Motherhood Changed the Way I Saw Myself—and the Way That I Saw Alcohol


1.

I was 16 years old when I learned to pretend, and alcohol was my first teacher. In 2002, I was a senior in high school and the youngest in my friend group—a burden more than a badge of honor. I had entered kindergarten early, skipped a semester of first grade, and spent my adolescence trying to keep up with friends and classmates who were always one to two years older than I was.

It was the same sort of thing that night: I was at a friend’s lake house in Conroe, Texas, for a sleepover. I had neglected to give my parents all the details—that it would be co-ed, that my friend’s own parents were not around, and that there would be alcohol. I took my first sip surrounded by laughter and the kind of reckless confidence characteristic of teens in the middle-class Texan suburbs where I was raised, with children too sheltered to understand risk, too privileged to fathom the many wrong paths a first drink could send them down.

My initial thought: I don’t like this. It was bitter. It failed my tongue and stabbed my throat. I winced. But when I looked around, everyone else was smiling, their faces lit up, elaborately cosplaying the happiest versions of themselves, or even acting inebriated from just one swig.
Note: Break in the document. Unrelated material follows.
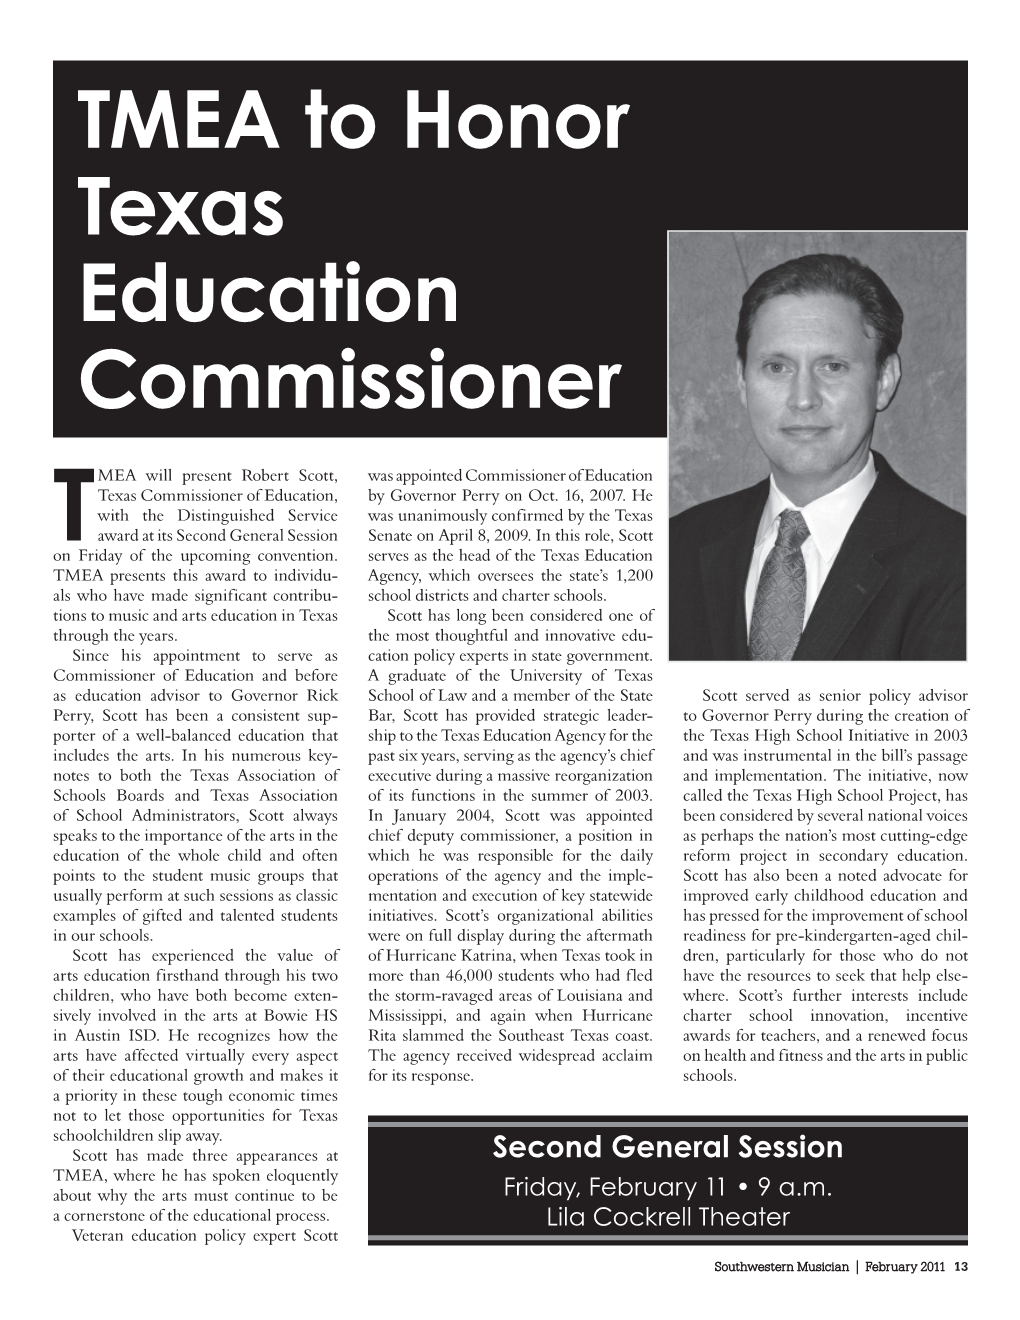 TMEA to Honor Texas Education Commissioner

Nobody said anything about the taste, and I didn’t dare speak up. Instead, I smiled too, mimicking their joy, swallowing the drink. I do not like bitter things, yet I committed. I pretended. The hangover, my first, left me physically wrecked, with a pounding headache and waves of nausea for days after.

When, the following week in AP English, we started the Greek tragedies, I would find myself particularly drawn to Aristophanes’s The Frogs. As Dionysus descended into the underworld, I felt like part of the chorus: hovering in the background, hesitant, unwilling to say the truth.

After that night I didn’t drink again until my early 20s, when it proved to have real, usually positive, social consequences. There were brunches and happy hours and work dinners and milestone celebrations. A flute here, bottle here, shot here. G.M. Shepherd’s 2012 book Neurogastronomy: How the Brain Creates Flavor and Why It Matters explores how the brain processes taste and how sensory adaptation can influence our preferences. Over time, repeated exposure can lead to a learned preference, even for initially unpleasant tastes, as can cultural and social influences.